L'etude s'est deroulee dans le district de Djibo, de la region du Sahel, situee au Nord du pays. En 2011, la population de cette region comptait 402 646 habitants. Selon le plan d'action sanitaire redige par les gestionnaires du district, celle-ci est composee de differents groupes: Peul, Mossi, Fulce, Bella, Dogon, Songhai et Rimaybe. Le groupe Peul est majoritaire. La population est majoritairement musulmane. La principale activite economique est l'agropastoralisme. La proportion de la population vivant en dessous du seuil de pauvrete est estimee a 37%, et 42% vit a plus de 10 km d'un centre de sante (11). En 2011, le district comptait 26 centres de sante.
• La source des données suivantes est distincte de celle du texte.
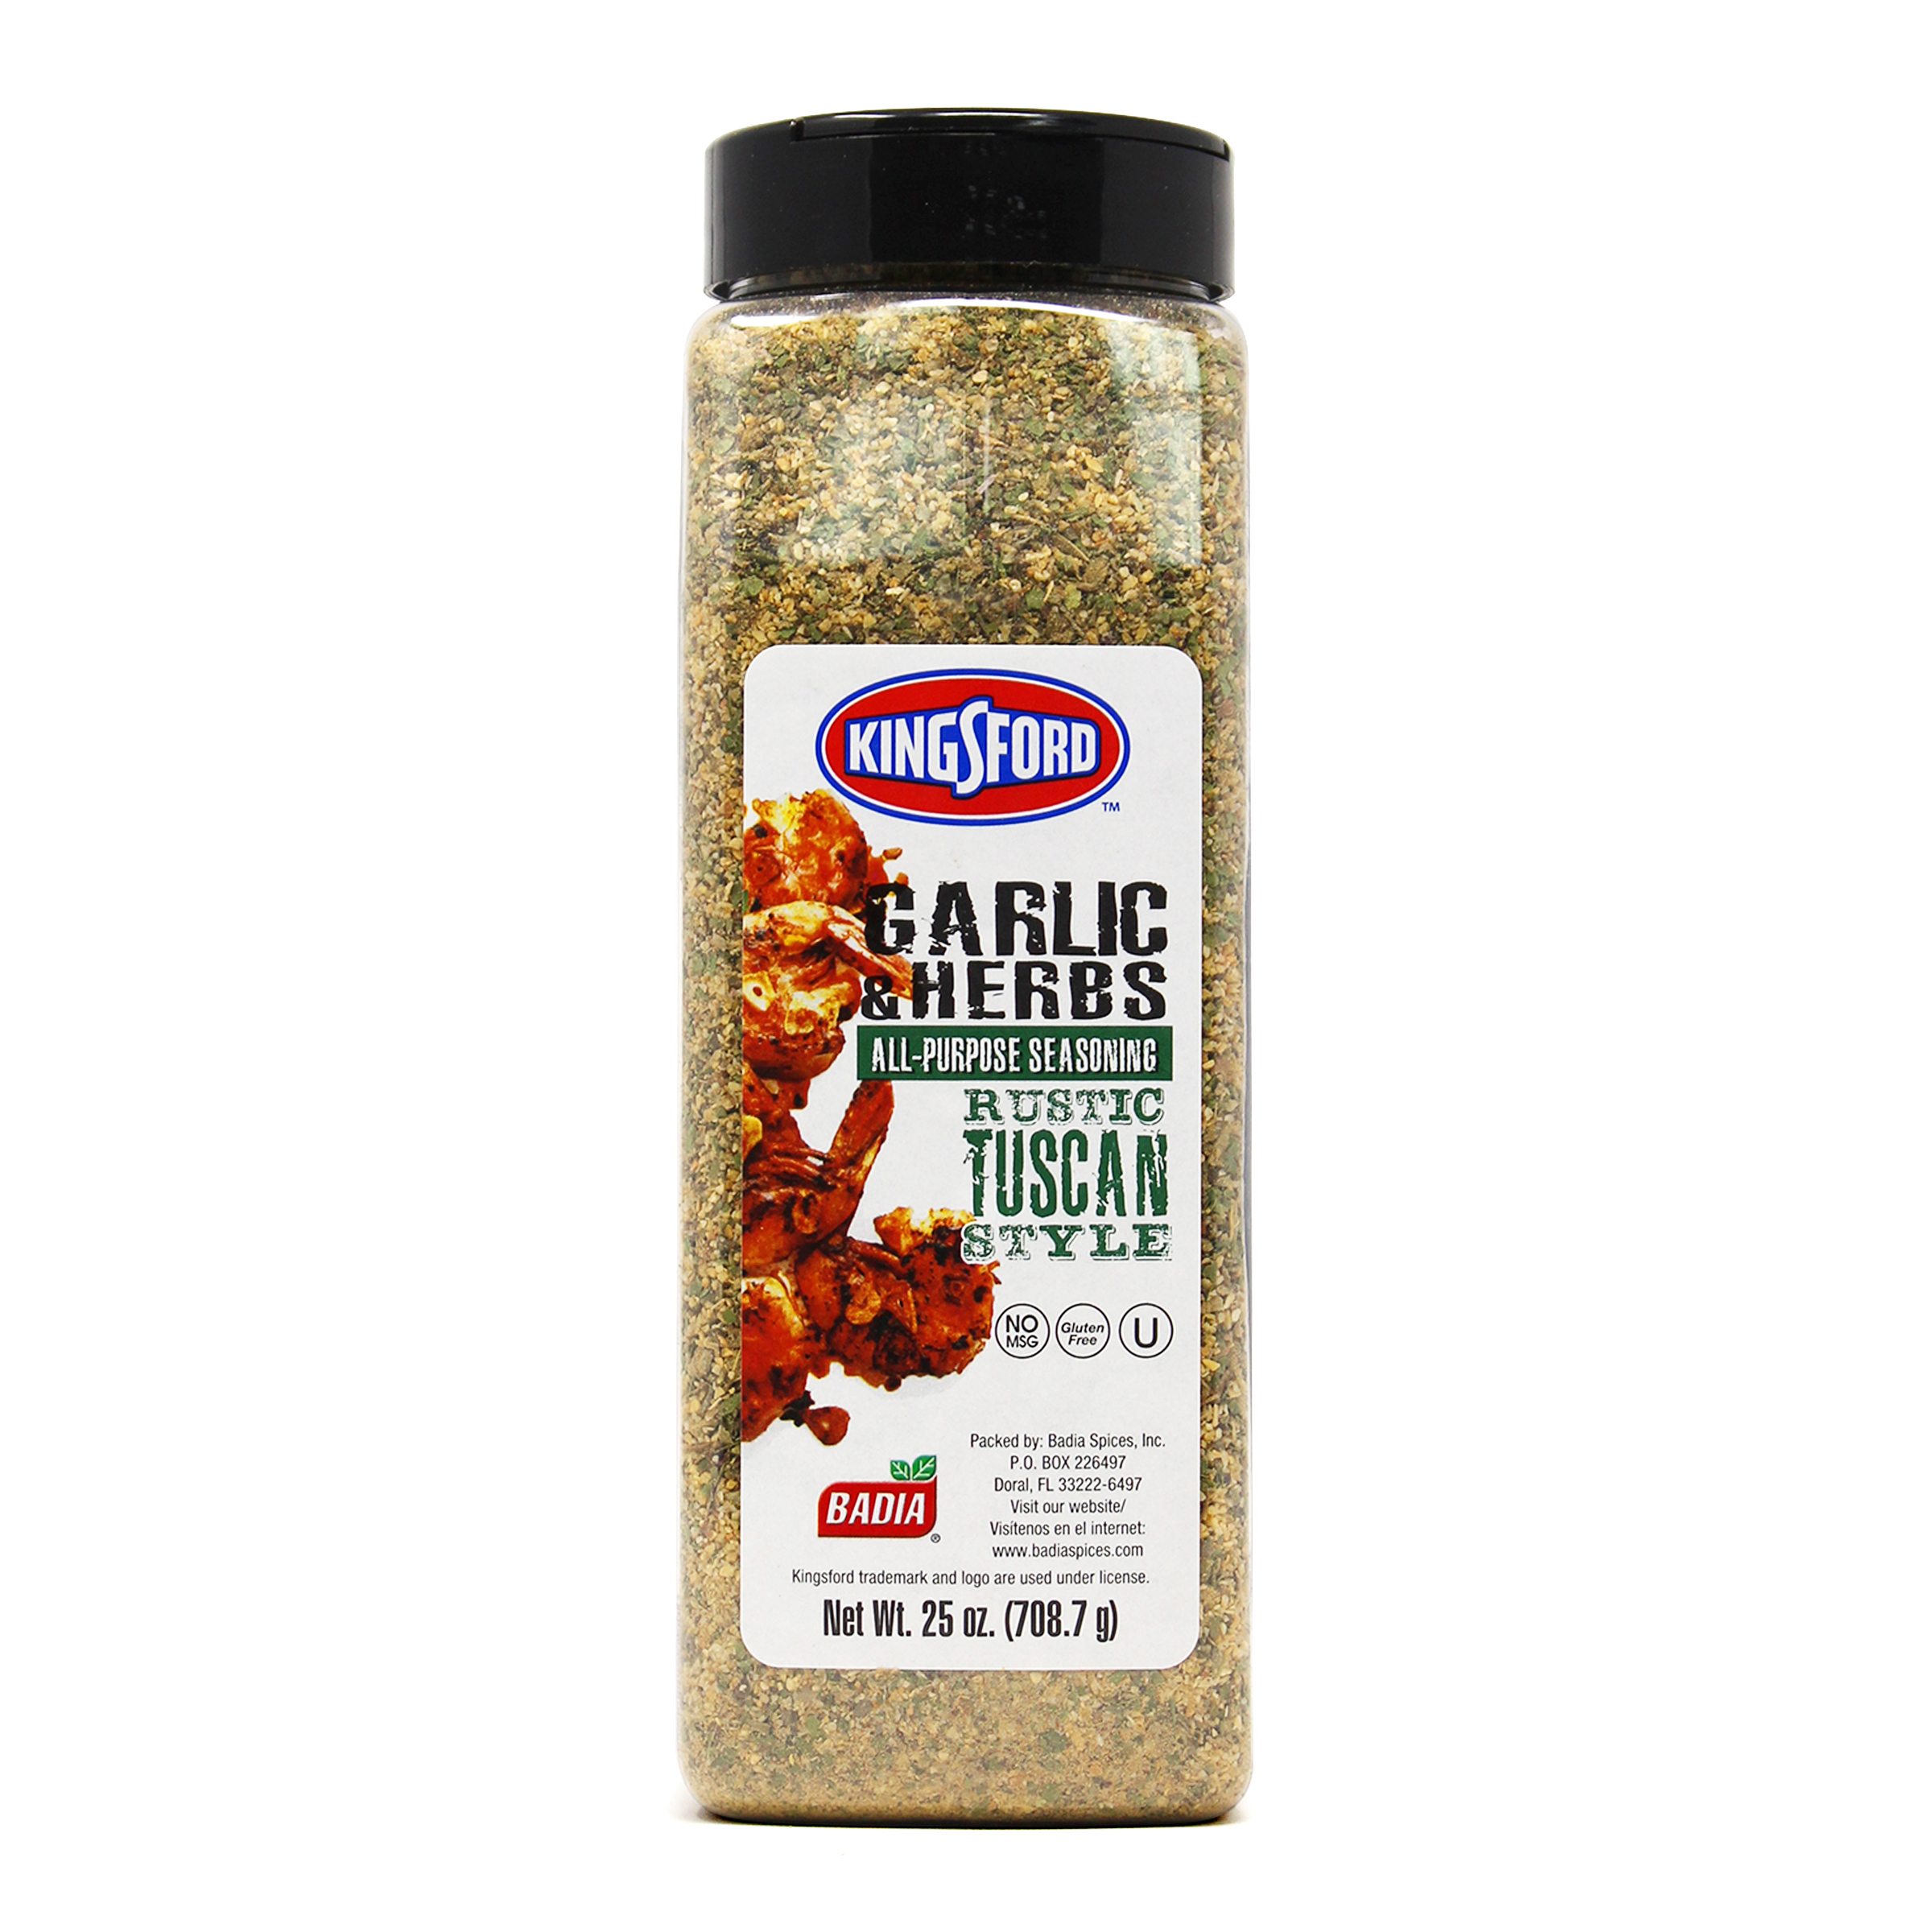 Laura's Creole Seasoning, Southern Hospitality Favorites: Laura's

Avant la mise en oeuvre de la subvention (2006), le taux d'accouchements assistes dans le district etait de 15,4% alors que la moyenne nationale s'elevait a 42,9% (12). En 2011, ce taux (55%) etait toujours inferieur a la moyenne nationale (78%) (11).

La politique de subvention SONU

La subvention SONU couvre de 60% a 80% le prix de l'accouchement (actes, consommables et medicaments) selon le niveau de soins. Les menages payent le montant restant (20% a 40%). Avant la mise en oeuvre de cette subvention, un accouchement sans complication dans un centre de sante etait estime a environ 4 000 francs CFA * (9 CAD$) (13). Grace a celle-ci, les femmes ne devaient plus payer que 900 CFA (2 CAD$).

Une perspective anthropologique critique

Notre approche s'inscrit dans le courant de l'anthropologie medicale critique qui cherche a rompre avec une lecture locale et culturelle des conduites humaines pour se tourner vers l'etude des rapports de force dans lesquels se trouvent engage les institutions de la sante (14).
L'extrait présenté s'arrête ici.